Systems Biology Markup Language (SBML) is a data exchange format for computational systems biology to describe biological models including enzyme networks, their reactions and kinetic properties.
The model repositories JWS Online and BioModels are home to a large variety of detailed kinetic models of cell biochemistry that are exchangeable through Systems Biology Markup Language (SBML). The models are populated with curated parameter values based on experimental data. As such they serve to structure the data concerning enzymological parameters in a way that shows the implications of the parameter values for physiological functions. This makes models and data immediately useful for the non-modelling expert.
Bioschemas is a framework that adds bio-related properties and types to Schema.org which aims at increasing the findability of datasets in the web. Schema.org is a general framework that enriches any webpage with additional metadata. However, as Schema.org is a general framework, Bioschemas introduces a domain-specific controlled vocabulary.

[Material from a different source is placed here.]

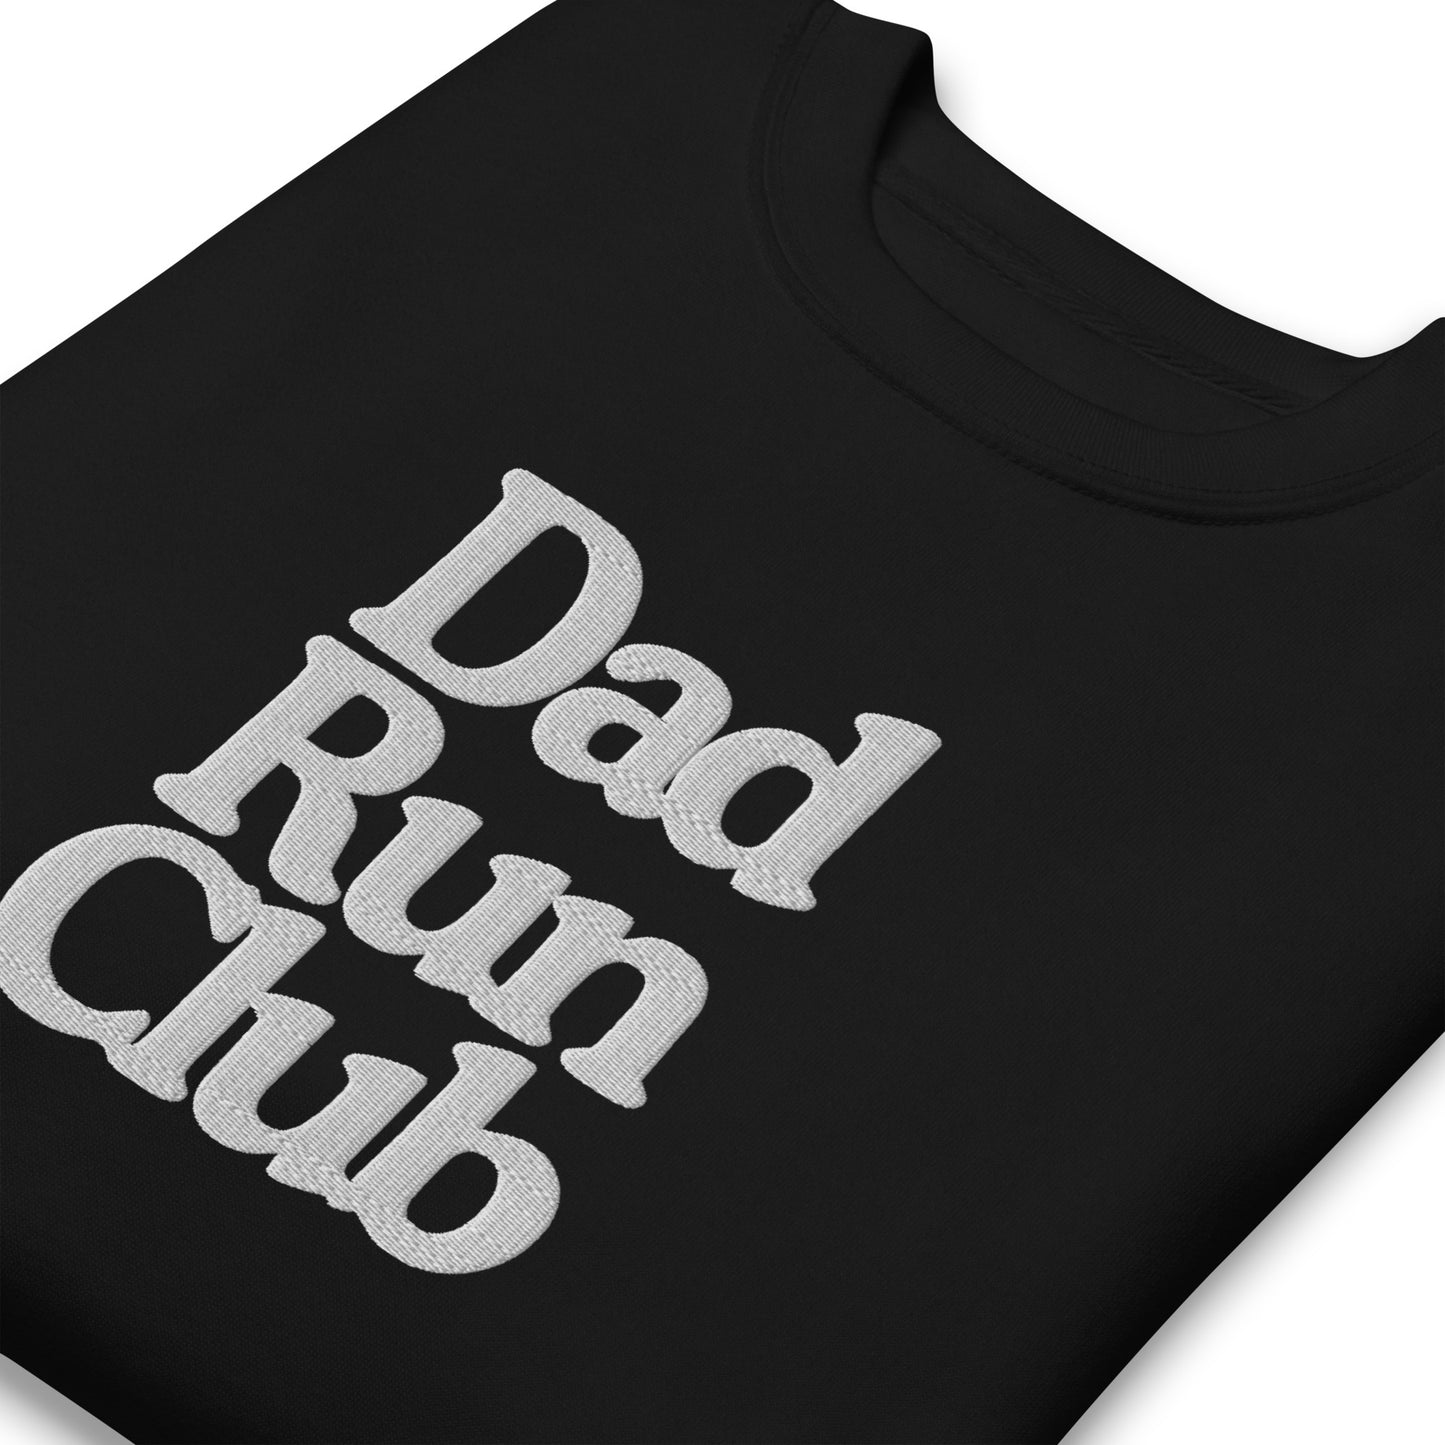 Dad Run Club Crew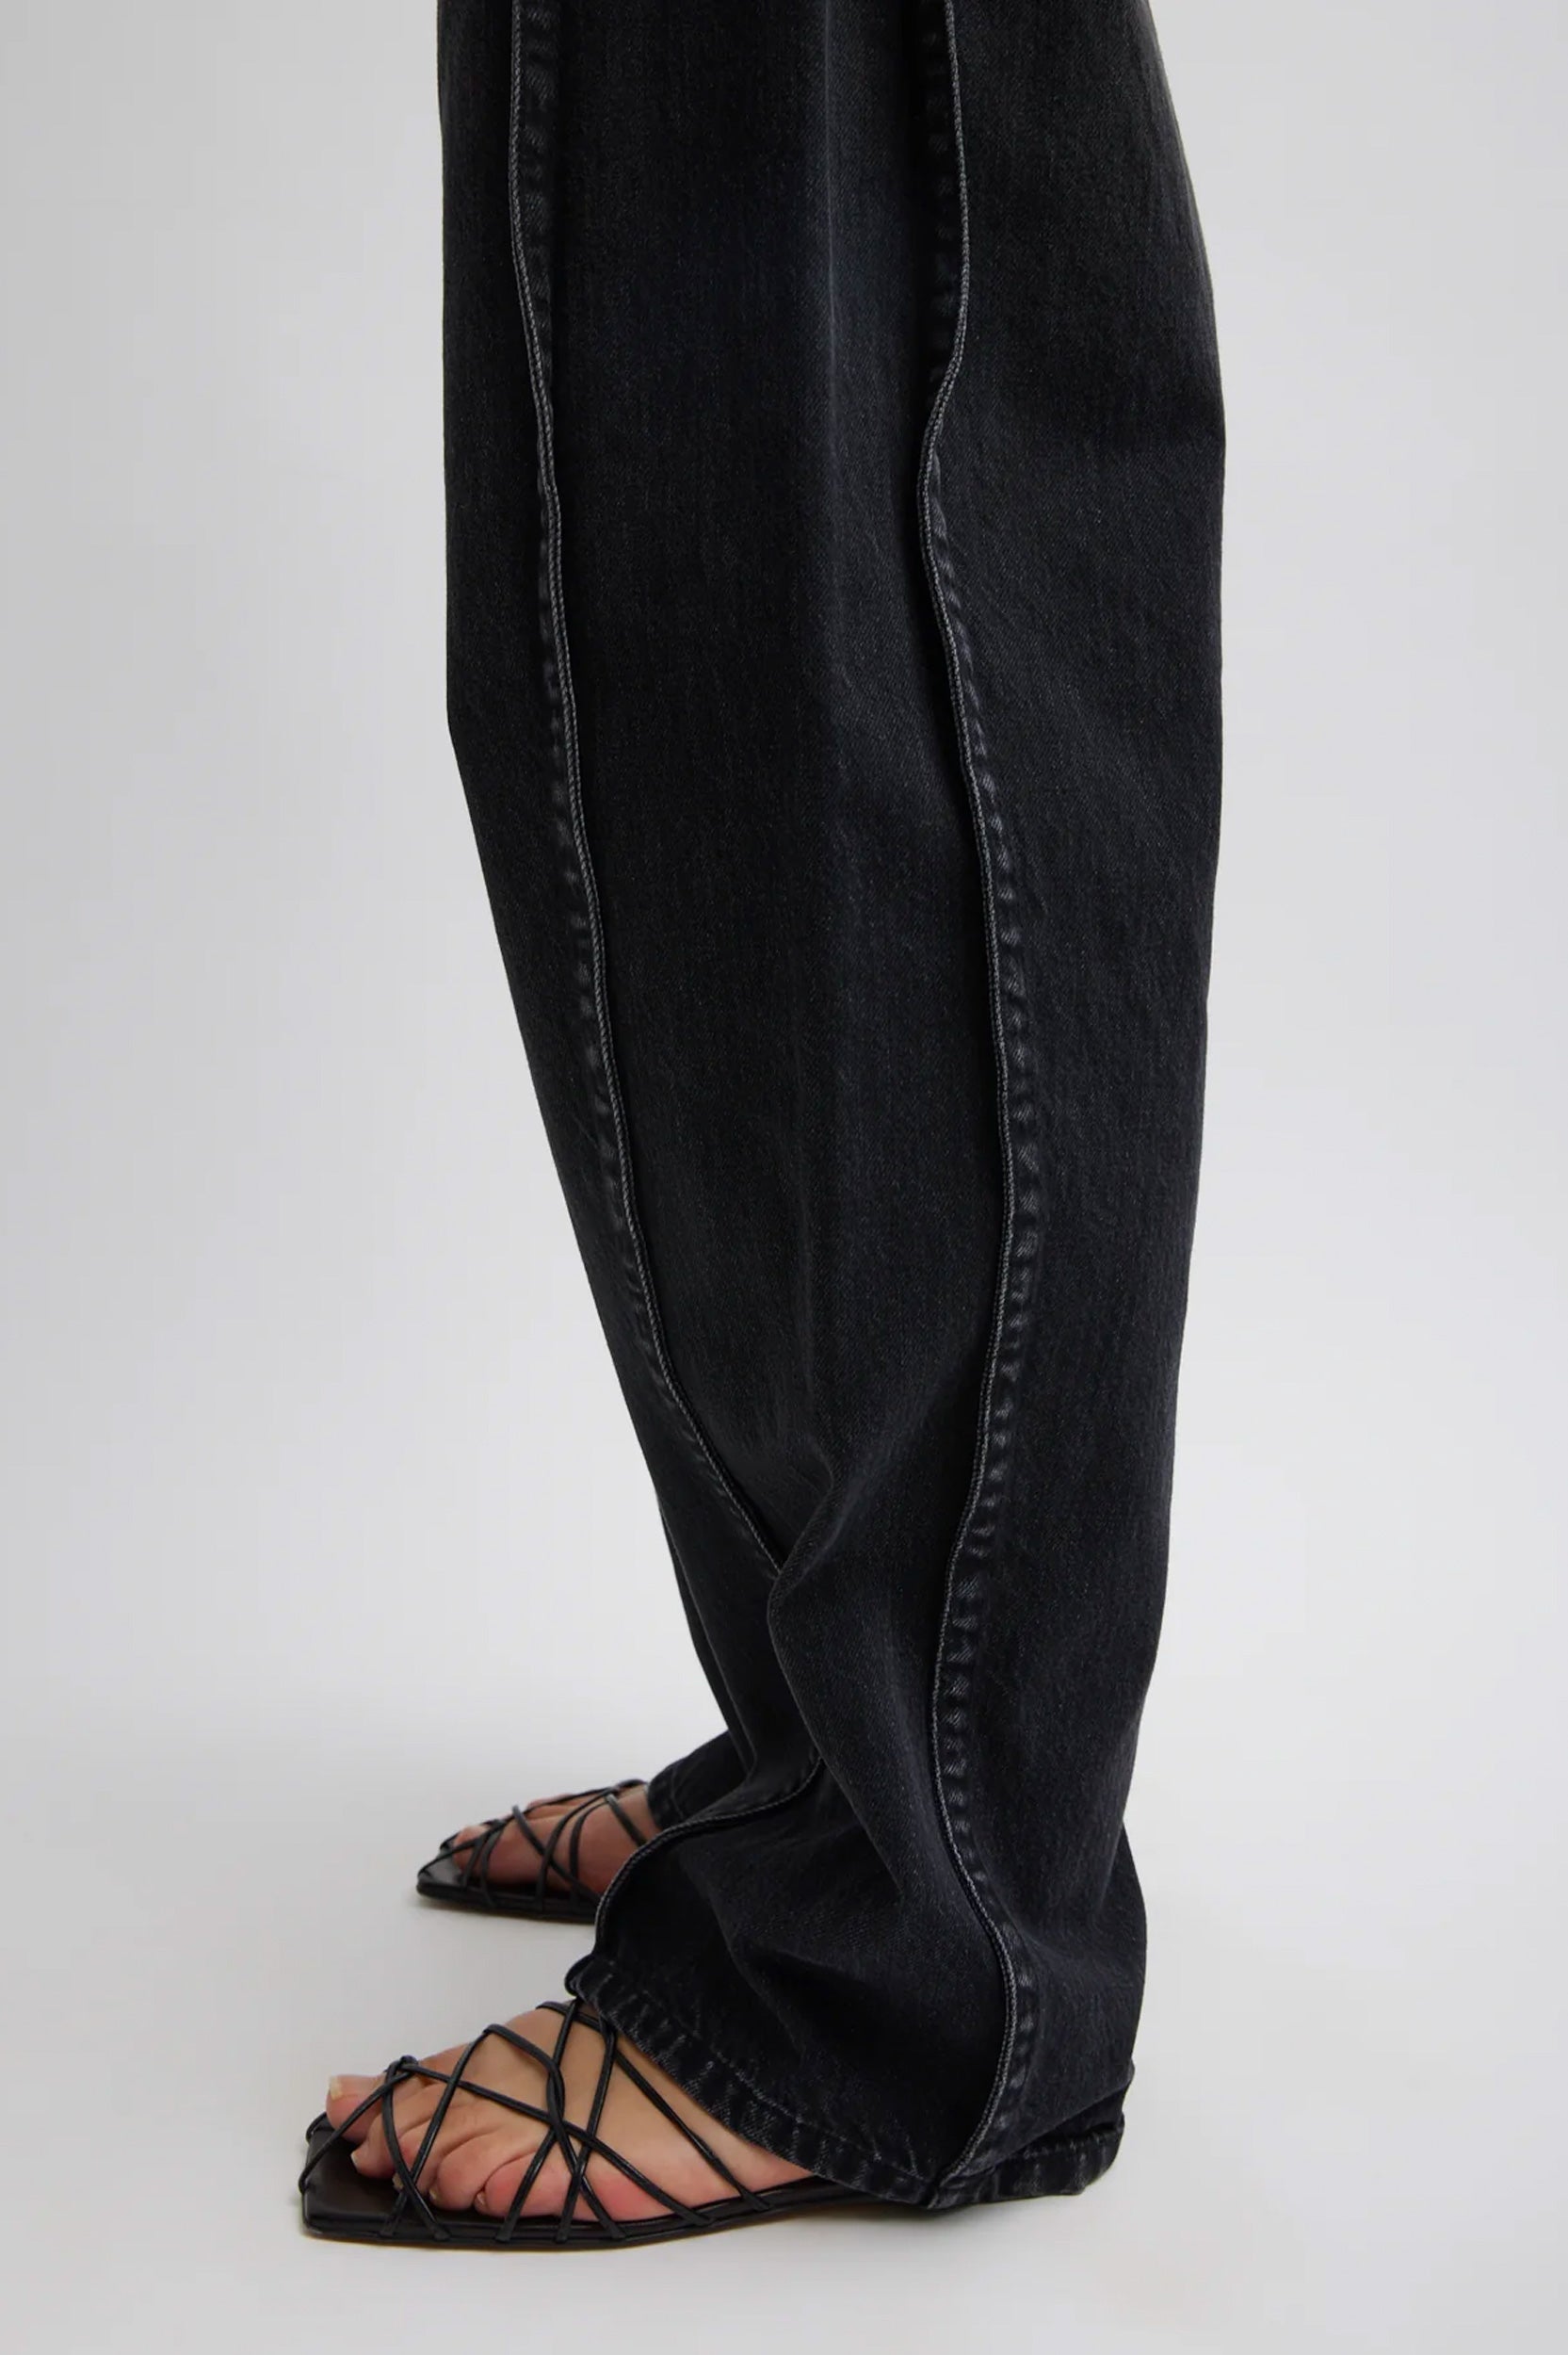 Vintage Black Denim Tuck Jean - Short

The Ontology Lookup Service provides more than 260 ontologies in the various fields. For the biocatalysis and enzymology domain, the following ontologies may be of interest:
- Bioassay Ontology
- ChEBI
- Cell Ontology for cell types
- BRENDA Tissue Ontology, source of an enzyme comprising tissues, cell lines, cell types and cell cultures
- Protein MODification (PSI-MOD)
- PRotein Ontology (PRO)
Deposition, sharing and reusing of data
Description
Because of their usefulness for comparative enzymology, as well as for understanding the functioning of biochemical pathways and networks through systems biology, data and results should be made available worldwide in the sense of FAIR data. This means that this data needs to be findable and accessible to allow other researchers and software to reuse and reproduce this data as well as to generate new knowledge through comparison and integration. Various databases cover different aspects of enzymology data including enzyme occurrence, catalyzed reactions, binding mechanisms, or kinetic properties. Most of the databases contain manually curated data from literature, while only few also support direct data submission of experimental data.
Considerations
- How to find appropriate resources for the deposition and reuse of enzymology data?
- How to upload enzymology and biocatalysis data?
- What is the prerequisite for the upload of data?
- What are the requirements for the publication of data in databases and repositories?
- Are there any tools that support researchers in uploading their data?
- Are the suggested databases and repositories open (freely accessible by the researchers)?
- How to meet the requirements of journals and funding agencies to provide a meaningful data availability statement?
- Is there an indicator of the quality of the data (e.g. in the senses of accuracy and proven reproducibility)?
Solutions
- For the collection of experimental data in the laboratory electronic lab notebooks (e.g. Chemotion, openBIS) should be used to store raw and processed data along with metadata and corresponding protocols.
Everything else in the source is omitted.